Collected material Start Marker

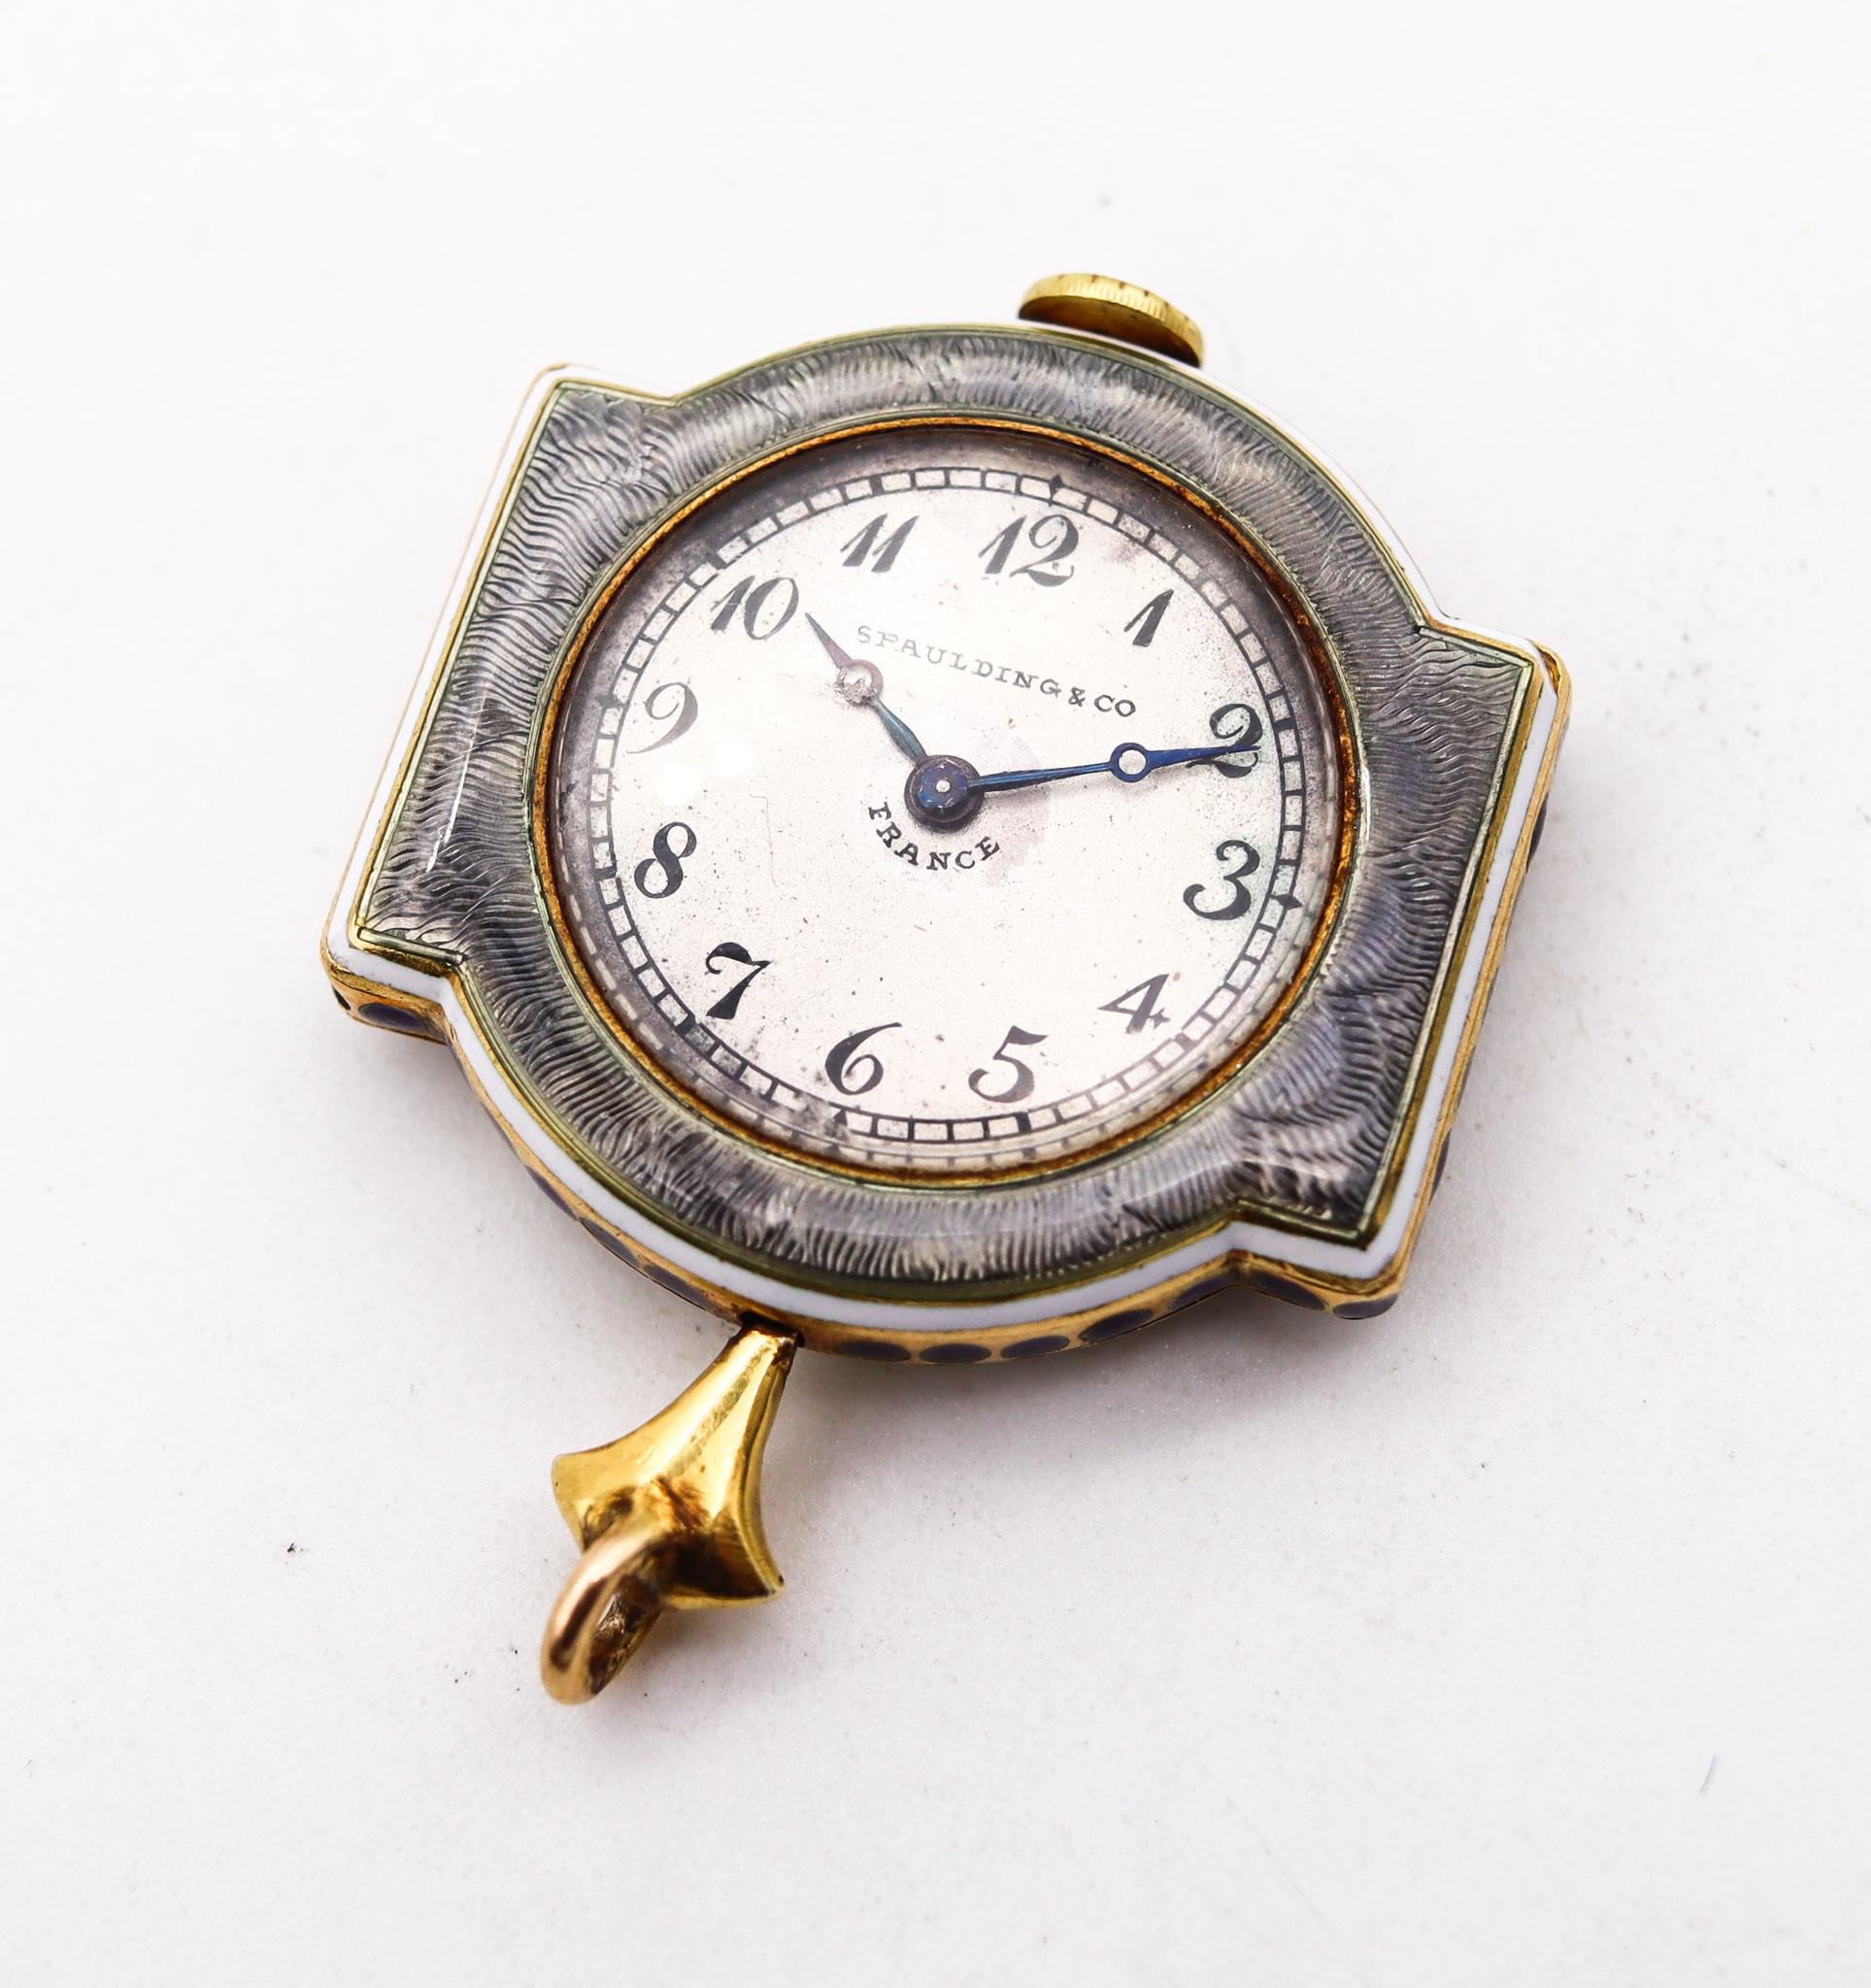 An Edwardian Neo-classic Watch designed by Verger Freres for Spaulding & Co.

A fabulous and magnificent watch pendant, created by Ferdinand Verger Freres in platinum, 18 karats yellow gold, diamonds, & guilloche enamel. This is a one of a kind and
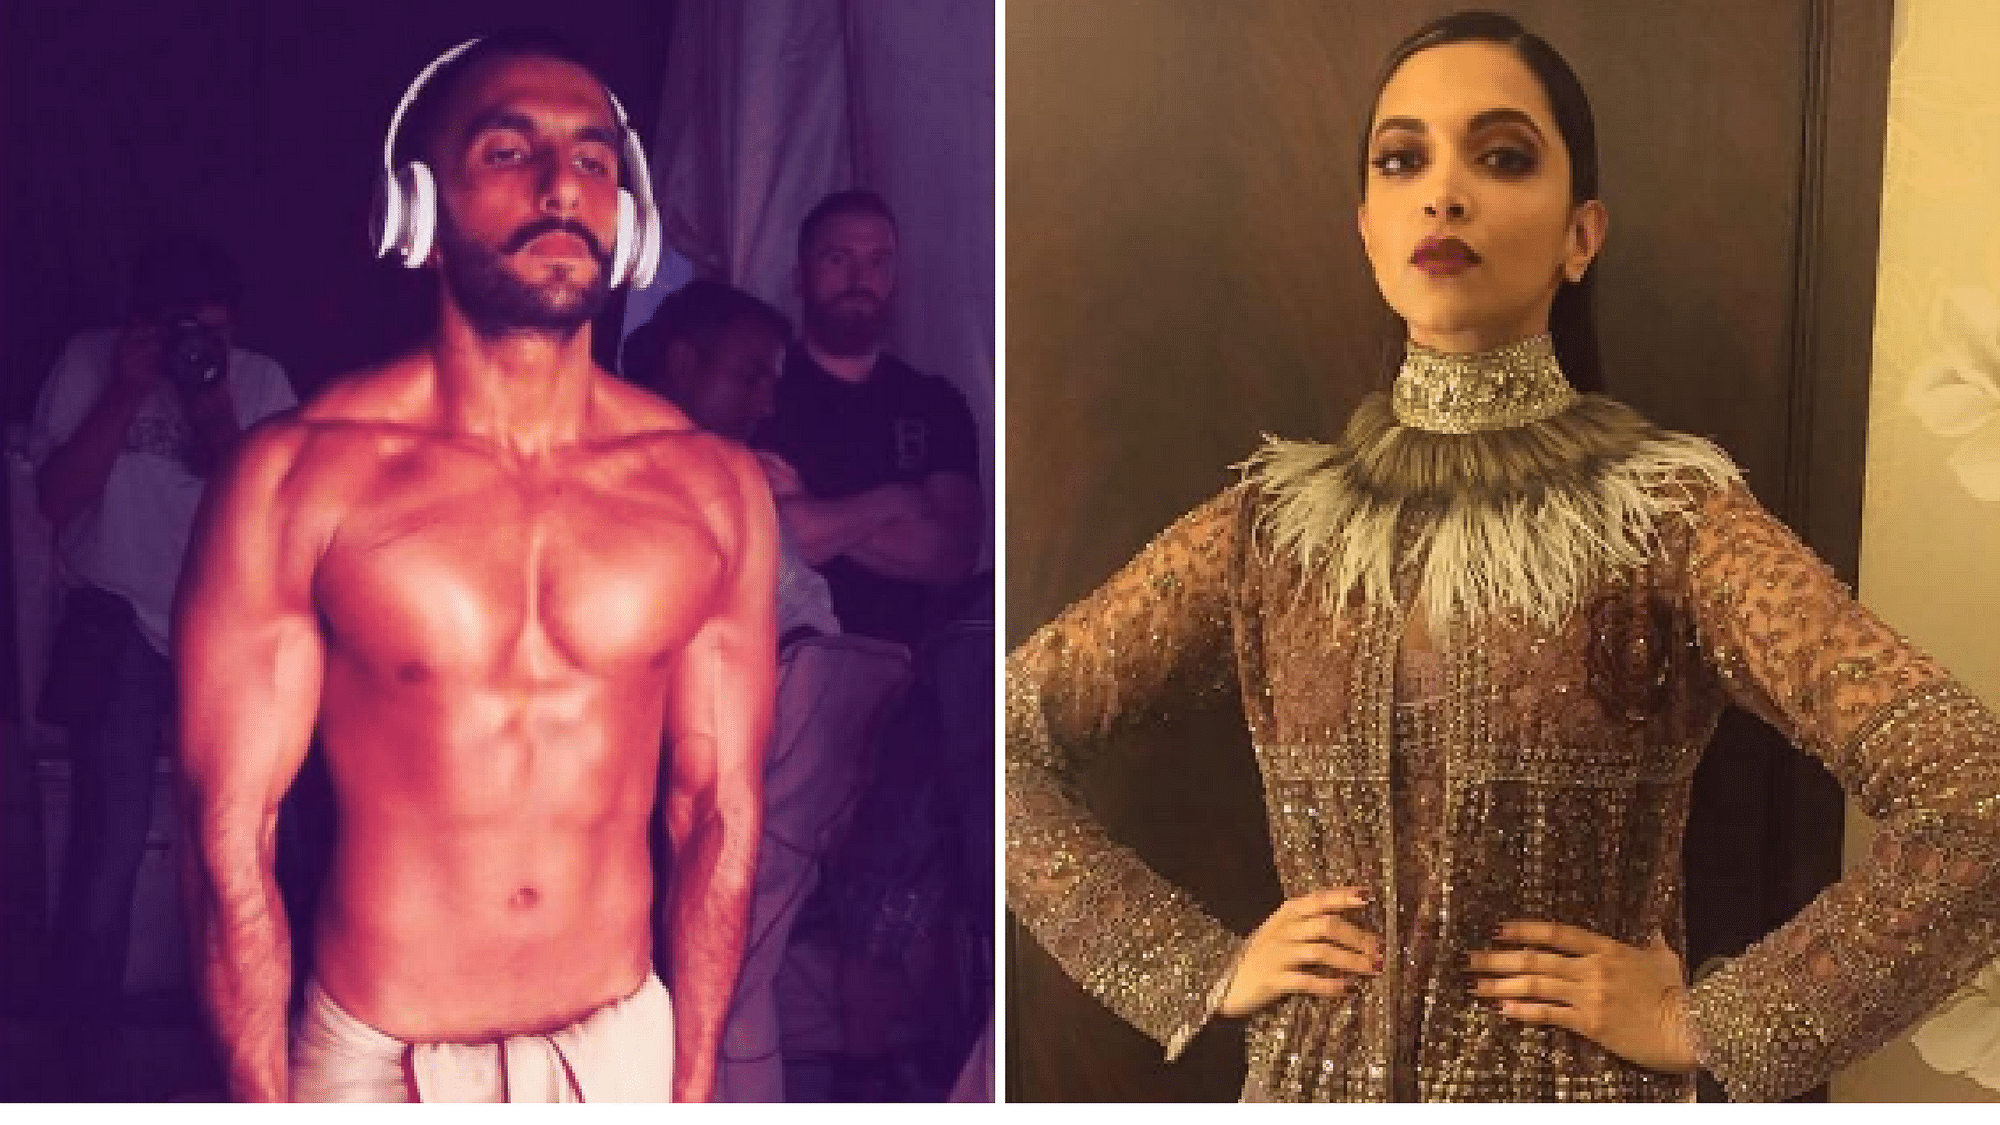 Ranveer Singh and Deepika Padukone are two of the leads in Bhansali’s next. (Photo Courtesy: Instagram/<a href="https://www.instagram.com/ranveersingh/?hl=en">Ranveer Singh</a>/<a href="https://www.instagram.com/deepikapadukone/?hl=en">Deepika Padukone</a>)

Collected material End Marker

For the material above, repeat each line exactly and leave out the pictures.

Response to the task:
 An Edwardian Neo-classic Watch designed by Verger Freres for Spaulding & Co.

A fabulous and magnificent watch pendant, created by Ferdinand Verger Freres in platinum, 18 karats yellow gold, diamonds, & guilloche enamel. This is a one of a kind and
 Ranveer Singh and Deepika Padukone are two of the leads in Bhansali’s next. (Photo Courtesy: Instagram/<a href="https://www.instagram.com/ranveersingh/?hl=en">Ranveer Singh</a>/<a href="https://www.instagram.com/deepikapadukone/?hl=en">Deepika Padukone</a>)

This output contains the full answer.